Cell membranes consist of heterogeneous lipid nanodomains that influence key cellular processes. Using FRET-based fluorescent assays and fluorescence lifetime imaging microscopy (FLIM), we find that the dimension of cholesterol-enriched ordered membrane domains (OMD) varies considerably, depending on specific cell types. Particularly, nociceptor dorsal root ganglion (DRG) neurons exhibit large OMDs. Disruption of OMDs potentiated action potential firing in nociceptor DRG neurons and facilitated the opening of native hyperpolarization-activated cyclic nucleotide-gated (HCN) pacemaker channels. This increased neuronal firing is partially due to an increased open probability and altered gating kinetics of HCN channels. The gating effect on HCN channels is likely due to a direct modulation of their voltage sensors by OMDs. In animal models of neuropathic pain, we observe reduced OMD size and a loss of HCN channel localization within OMDs. Additionally, cholesterol supplementation inhibited HCN channels and reduced neuronal hyperexcitability in pain models. These findings suggest that disturbances in lipid nanodomains play a critical role in regulating HCN channels within nociceptor DRG neurons, influencing pain modulation.

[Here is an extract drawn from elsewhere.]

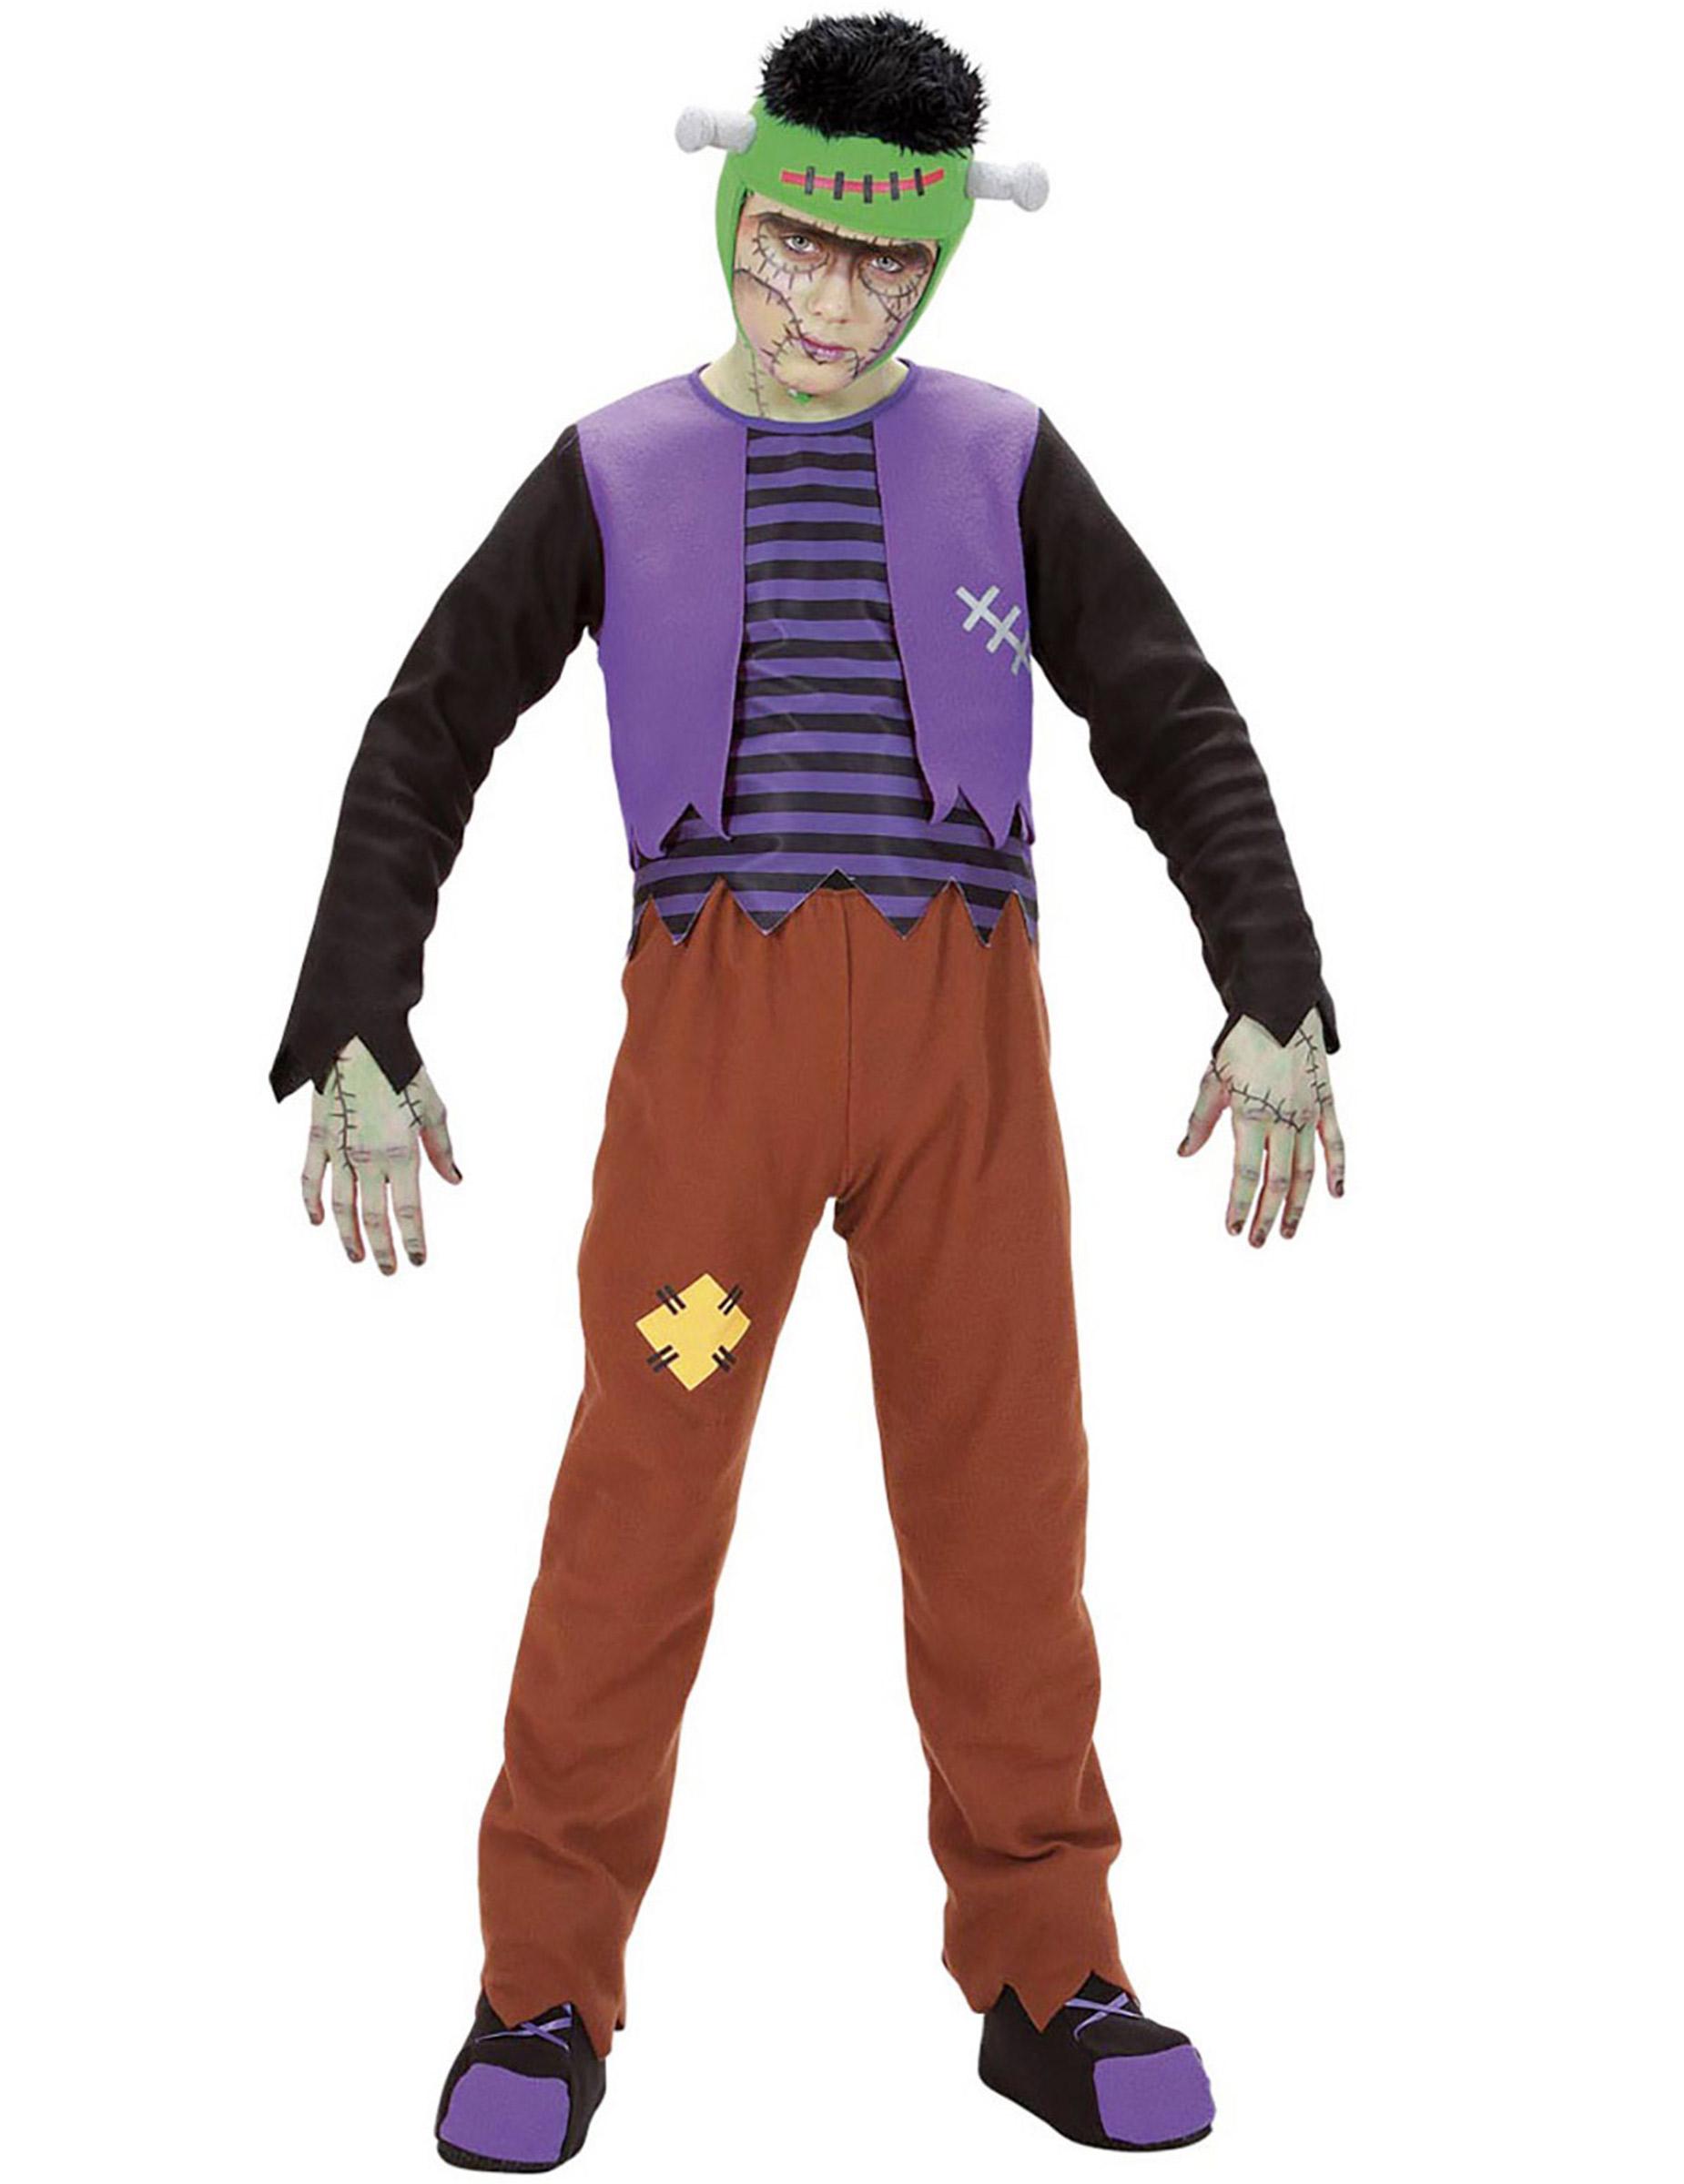 Monster Kostuem Fuer Jungen.Uberlebendes Monster Kostum Fur Jungen Halloweenkostum Bunt Gunstige Faschings Kostume Bei Karneval Megastore

细胞膜由影响关键细胞过程的异质脂质纳米结构域组成。使用基于 FRET 的荧光测定和荧光寿命成像显微镜 （FLIM），我们发现富含胆固醇的有序膜结构域 （OMD） 的尺寸差异很大，具体取决于特定的细胞类型。特别是，伤害感受器背根神经节 （DRG） 神经元表现出较大的 OMD。OMD 的破坏增强了伤害感受器 DRG 神经元中的动作电位放电，并促进了天然超极化激活的环核苷酸门控 （HCN） 起搏器通道的打开。这种神经元放电的增加部分是由于 HCN 通道的开放概率增加和门控动力学改变。对 HCN 通道的选通效应可能是由于 OMD 直接调制其电压传感器。在神经性疼痛的动物模型中，我们观察到 OMD 大小减小和 OMD 内 HCN 通道定位的丢失。此外，胆固醇补充剂抑制了疼痛模型中的 HCN 通道并降低了神经元过度兴奋。这些发现表明，脂质纳米结构域的干扰在调节伤害感受器 DRG 神经元内的 HCN 通道中起关键作用，影响疼痛调节。